Second District, Farmington Department
The Honorable Darwin C. Hansen

Attorneys:
Candace S. Bridgess, Ogden, for Appellant
Stuwert B. Johnson, Ogden, for Appellee -----

Before Judges Billings, Davis, and Orme.
BILLINGS, Associate Presiding Judge:

In this appeal from a decree of divorce, Robert K. Mackey (Husband) first argues the trial court erred because he should have received half of the Sunset home's (the Home) appreciated equity from the date of the marriage. The trial court specifically found $16,200 of the Home equity to be marital property. The court reached this figure by subtracting the Home's value in 1991 ($72,800), when the parties moved into the Home, from its current value ($89,000).

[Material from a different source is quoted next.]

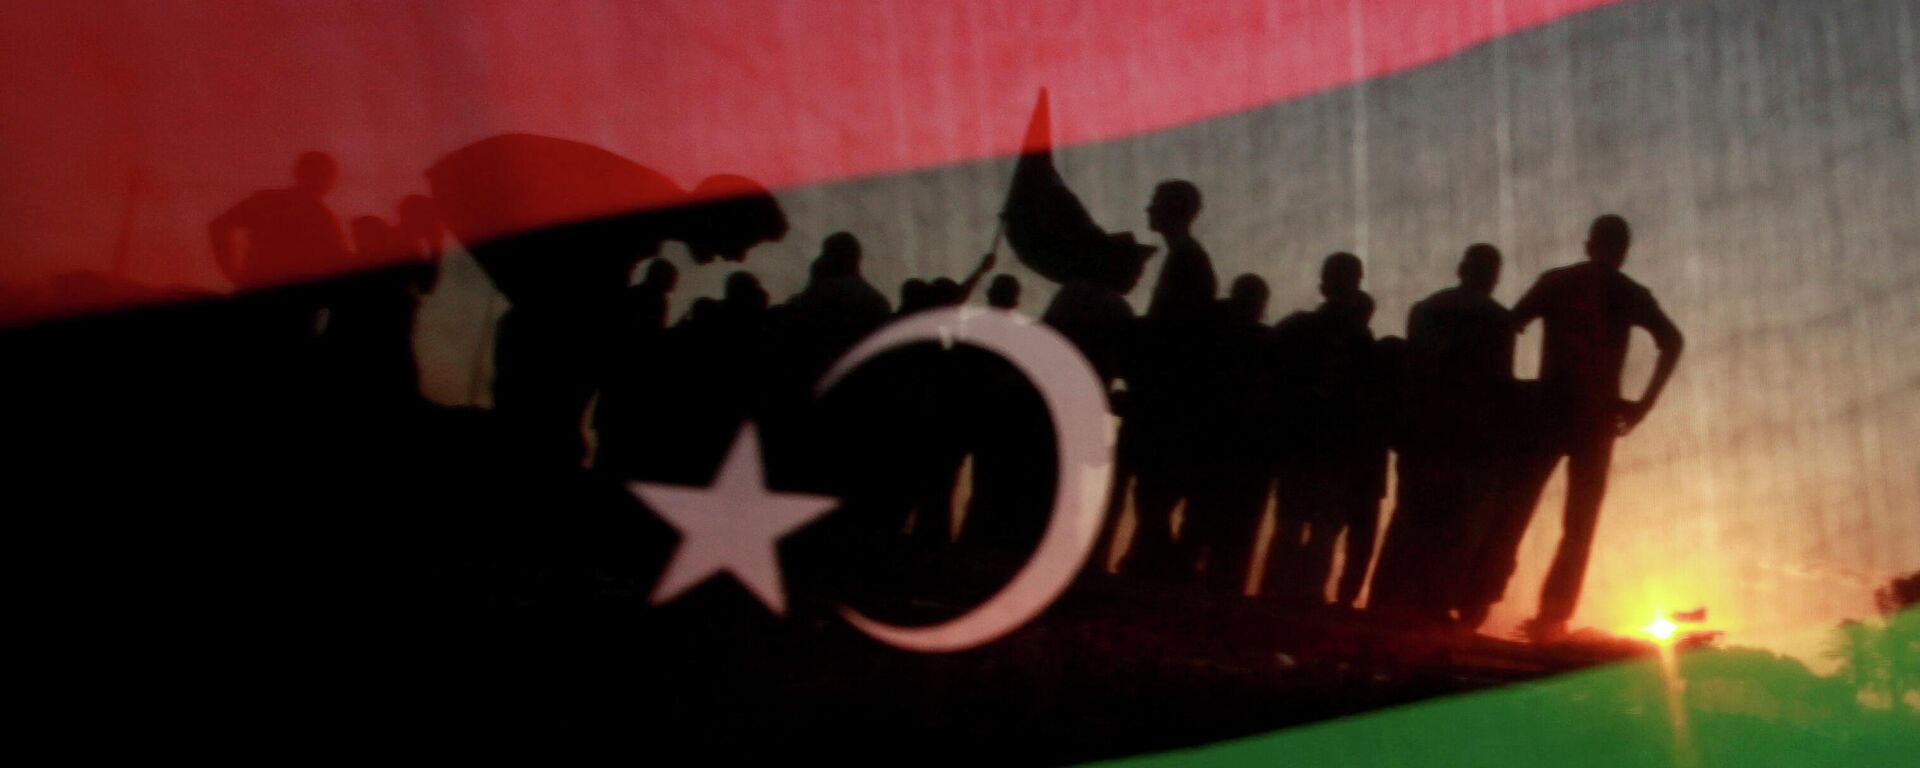 La bandera de Libia - Sputnik Mundo, 1920, 09.07.2021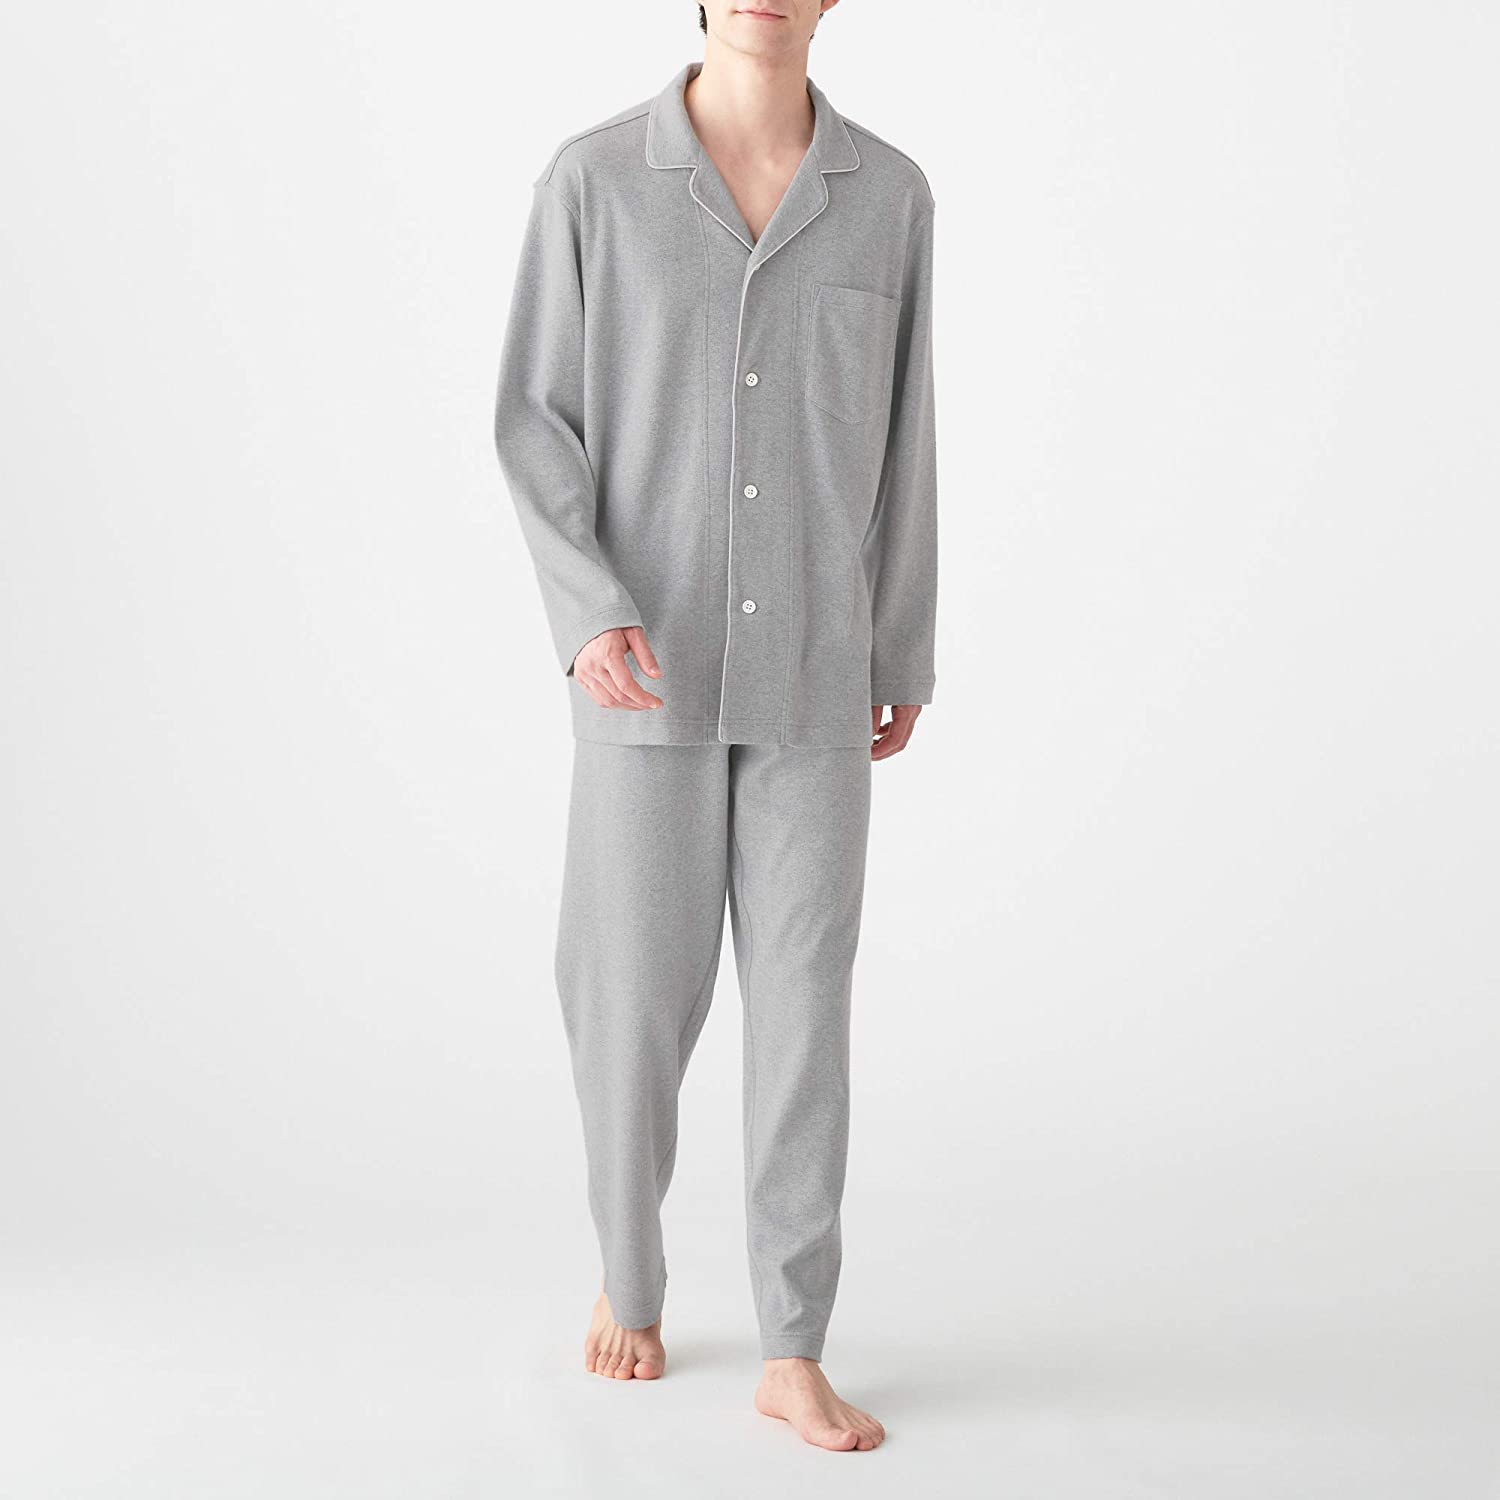 MUJI 無印良品 Men's pajamas M size Gray without side seams Sleepwear Japan ...

The trial court included this $16,200 in determining the total marital property, which it then evenly divided between the parties. Husband may not attack one discrete part of the property distribution without referencing the entire property division as a whole. Cf.Newmeyer v. Newmeyer, 745 P.2d 1276, 1279 n.1 (Utah 1987). Similarly, Husband's assertion that the trial court erred because it did not "specifically state why the trial court made an unequal division of marital property" is also in error. Again, the property division in this case was equal, in accordance with the general rule regarding marital property. See Bradford v. Bradford, 1999 UT App 373,¶26, 993 P.2d 887 (noting the general rule in divorce proceedings that each party is presumed to be entitled to fifty percent of the marital property).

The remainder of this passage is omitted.